Between Time and Eternity

Tom O. asks,

How does one reconcile the temporal with the eternal, in a personal/spiritual or experiential manner? The political situation of our time strikes me as dire and incredibly important. Yet such things are transitory and will, ultimately, pass away, and so in another sense are not so important. I am torn between these two extremes on a daily basis. The latter is a source of hope and peace, the former a source of anxiety and unrest. Focusing more on one at the expense of the other seems to only intensify the problem, since doing that seems to downplay the importance of one of the extremes, when what I am after is a reconciliation of the two that does not dismiss or downplay either. But perhaps that goal itself is unattainable.

We are made for eternity, but we find ourselves in time. Both spheres are real and neither can be dismissed or pronounced unreal.  You and I agree on that.  You want a reconciliation of the two "that does not dismiss or downplay either" while suspecting that such a reconciliation is "unattainable."

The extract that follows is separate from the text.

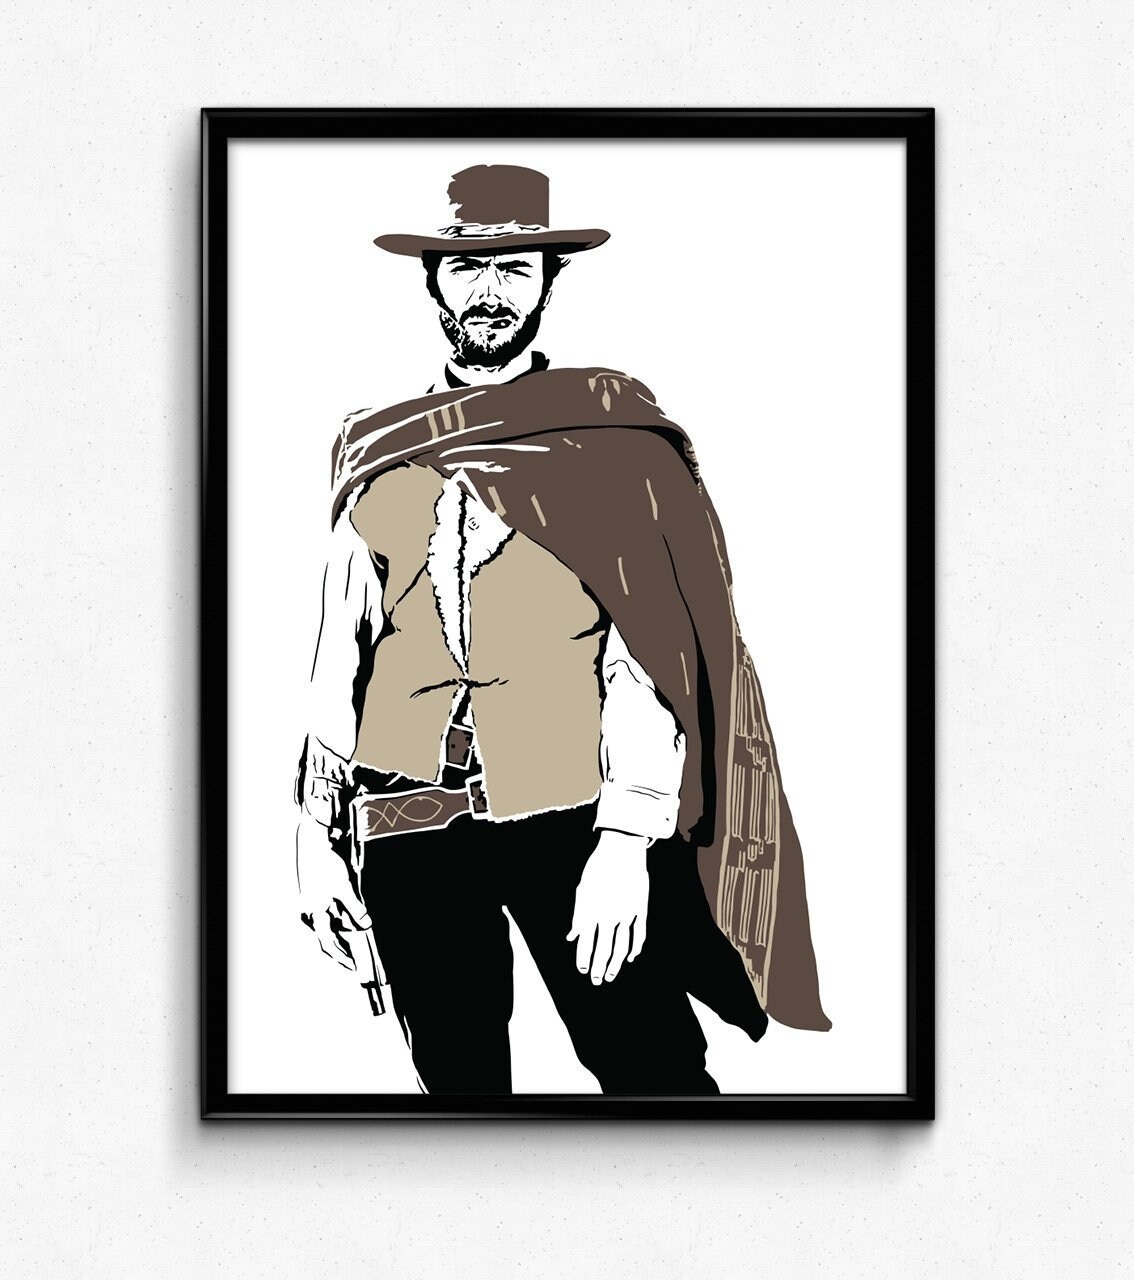 Clint Eastwood Art Print - Rugged Illustration of the Man with No Name  gifts for him  western movie fan  cowboy poster

Here I think lies the germ of an answer. One of the spheres needs to be "downplayed." For if there are these two spheres, they cannot be equally important. 

Why can't they be equally important?

Within time, we rightly value the relatively permanent over the relatively impermanent. We reckon him a fool who sacrifices a lifetime of satisfactions for a moment's pleasure.  John Belushi, for example, threw away his life and career for a ride on the 'Speedball Express.' Elliot Spitzer trashed his career and marriage to a beautiful  woman because he could not resist the siren songs of the high-class hookers. And then there is David Carradine who died of auto-erotic asphyxiation in Bangkok. Examples are easily multiplied beyond necessity. 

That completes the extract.